Corresponding author R. D. Vaughan-Jones: University Laboratory of Physiology, Parks Road, Oxford OX1 3PT, UK. Email: richard.vaughan-jones@physiol.ox.ac.uk

Abstract

  • 1The spatial and temporal distribution of intracellular H+ ions in response to activation of a proton-coupled dipeptide transporter localized at the apical pole of mouse small intestinal isolated enterocytes was investigated using intracellular carboxy-SNARF-1 fluorescence in combination with whole-cell microspectrofluorimetry or confocal microscopy.
  • 2In Hepes-buffered Tyrode solution, application of the dipeptide Phe-Ala (10 mM) to a single enterocyte reduced pHi locally in the apical submembranous space.
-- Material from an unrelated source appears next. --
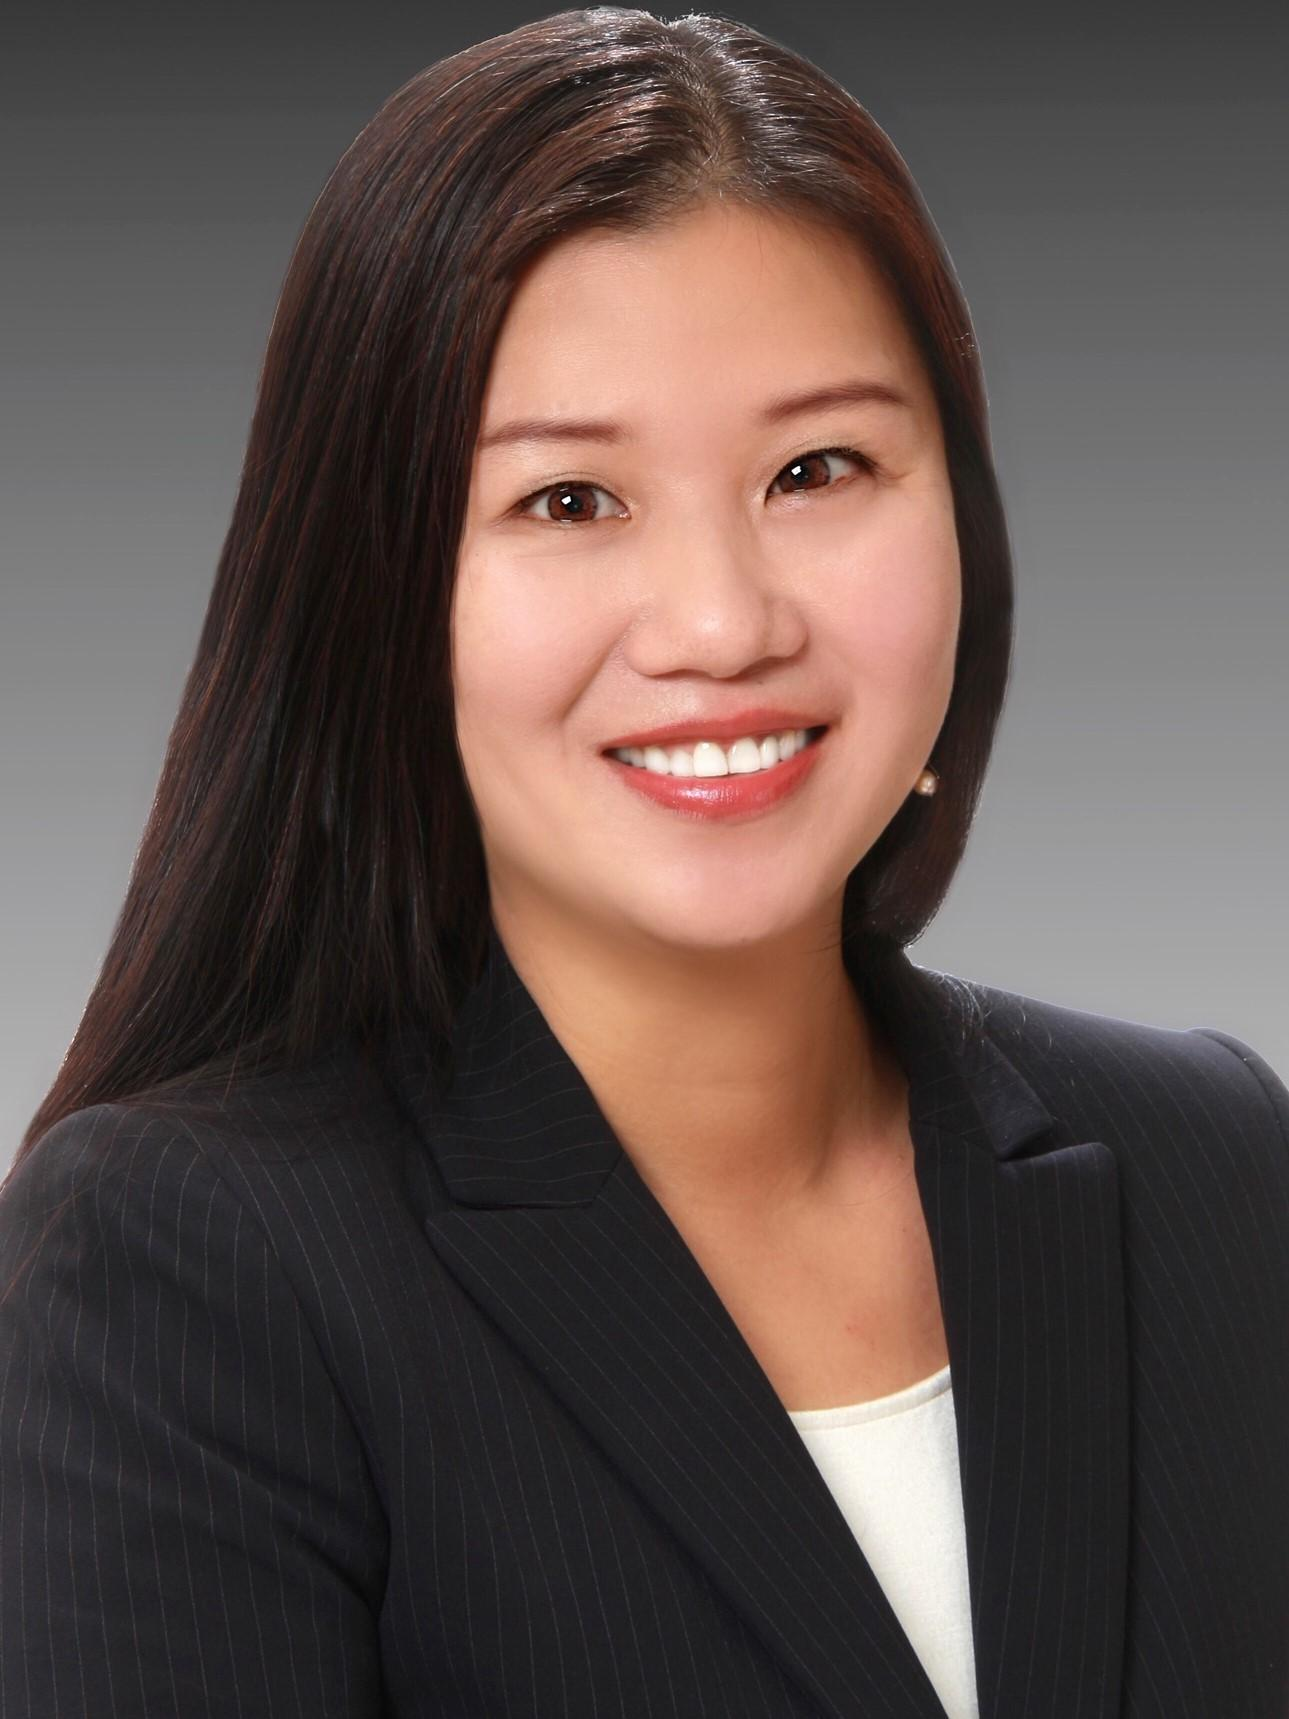 PEI-WEN LIANG  Your Registered Representative & Insurance Agent

After a short delay (8 s), a fall of pHi occurred more slowly at the basal pole.
  • 3In the presence of CO2/HCO3-buffered Tyrode solution, the apical and basal rates of acidification were not significantly different and the time delay was reduced to 1 s or less.
  • 4Following application of the carbonic anhydrase inhibitor acetazolamide (100 μM) in the presence of CO2/HCO3 buffer, addition of Phe-Ala once again produced a localized apical acidification that took 5 s to reach the basal pole. Basal acidification was slower than at the apical pole.
  • 5We conclude that acid influx due to proton-coupled dipeptide transport can lead to intracellular pH gradients and that intracellular carbonic anhydrase activity, by facilitating cytoplasmic H+ mobility, limits their magnitude and duration.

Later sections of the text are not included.